The Trade-Off: Precision vs. Accuracy

The authors tested these methods using simulations and real data from Upworthy (a website that tests thousands of headlines).

  • The "Common Thread" (Strategy 2) gave very precise answers (tight confidence intervals), but sometimes they were wrong (biased). It was like a GPS that gives you a very confident route, but it's the wrong route because it didn't account for a specific road closure.
  • The "Exact Clone" (Strategy 1) was slower and had wider margins of error (less precise), but it was more accurate. It tracked the real changes in the data better.

The "Secret Sauce" of the Paper

The authors didn't just say "use Strategy 1 or 2." They built a mathematical toolkit (called "Doubly Robust Estimators") that:

  1. Combines the best of both worlds: If your data is messy, the math automatically adjusts to be more robust.
  2. Gives you a warning system: If you try both strategies and they give very different answers, the math tells you: "Hey, something is weird. The effect of time might be changing in a complex way. Be careful!"

Why This Matters

In our fast-paced world, businesses run experiments every day.

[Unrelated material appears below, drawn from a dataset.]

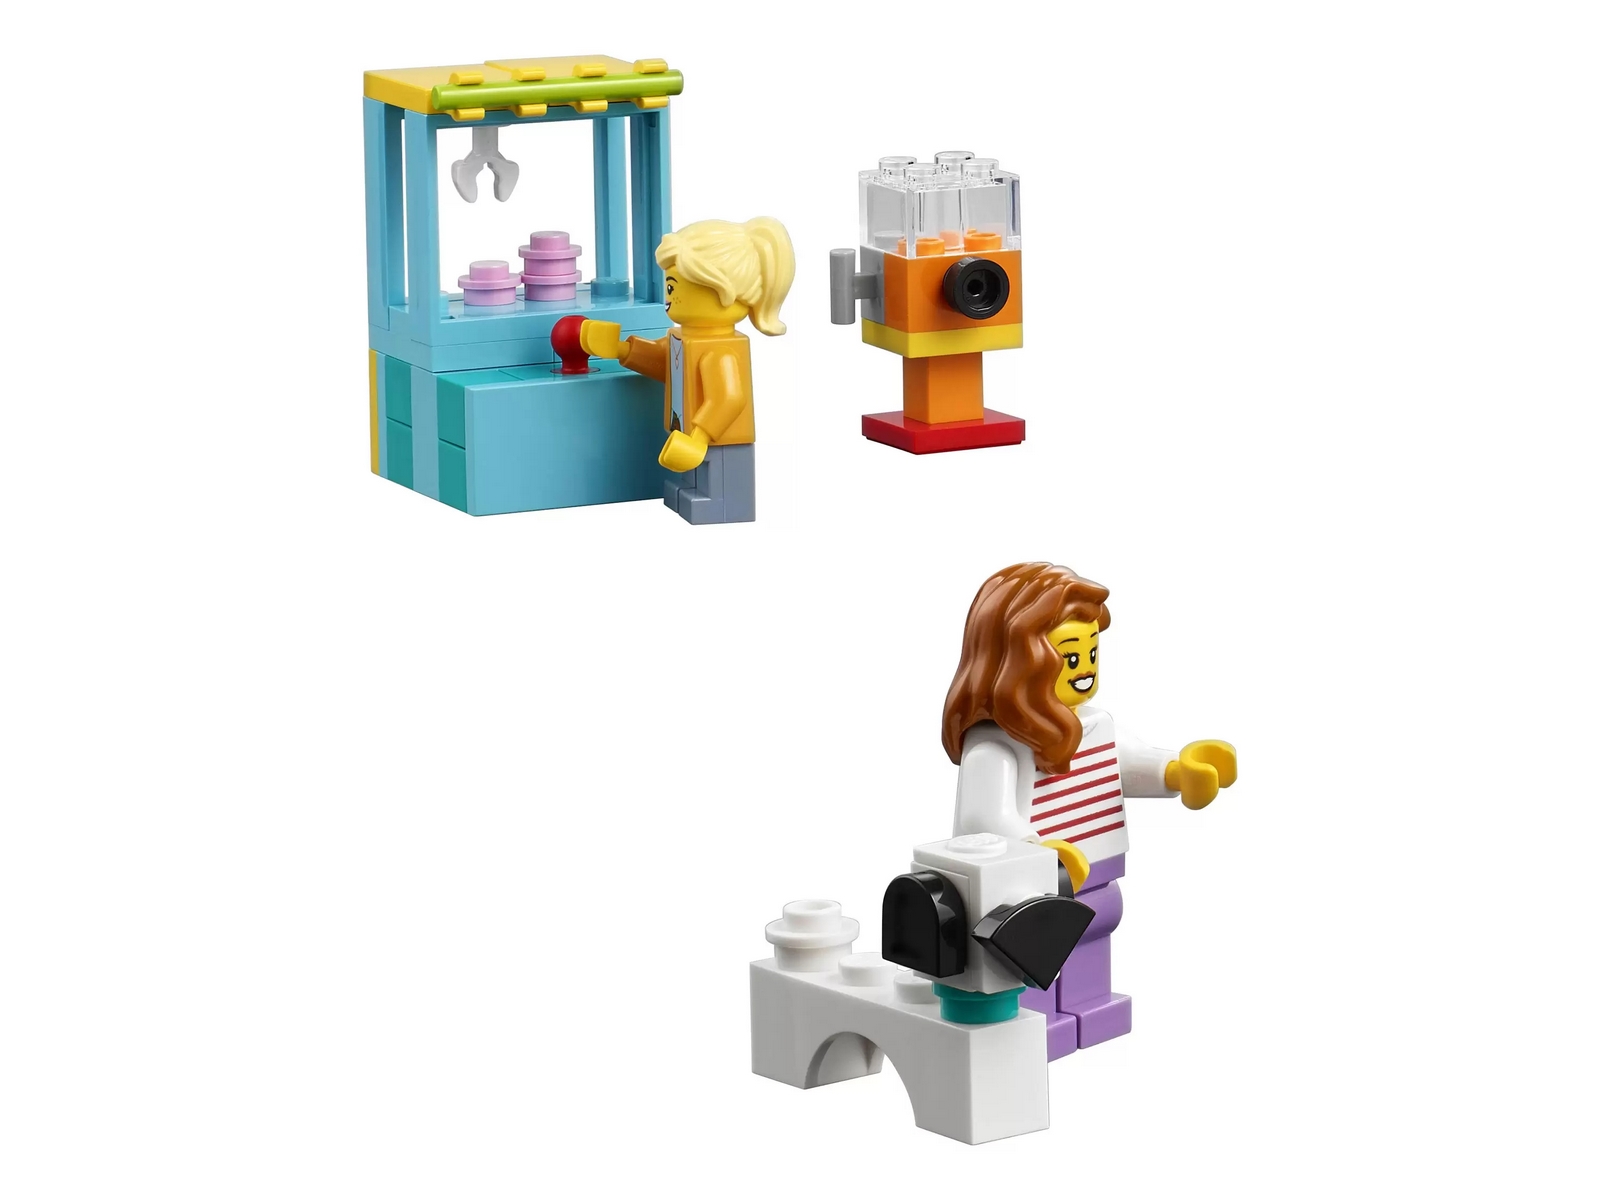 Конструктор LEGO Creator «Колесо обозрения» 31119 / 1002 детали

  • A bank tests a new loan offer in January.
  • A streaming service tests a new thumbnail in March.
  • A hospital tests a new drug protocol in June.

They can't wait to run the test in December to see if it works in December. They need to know now. This paper gives them a principled, scientific way to say, "Based on what we saw in January, here is our best guess for December," while admitting the uncertainty and checking for hidden traps.

In short: It's a guide on how to time-travel your data without actually traveling through time, using other experiments as your compass.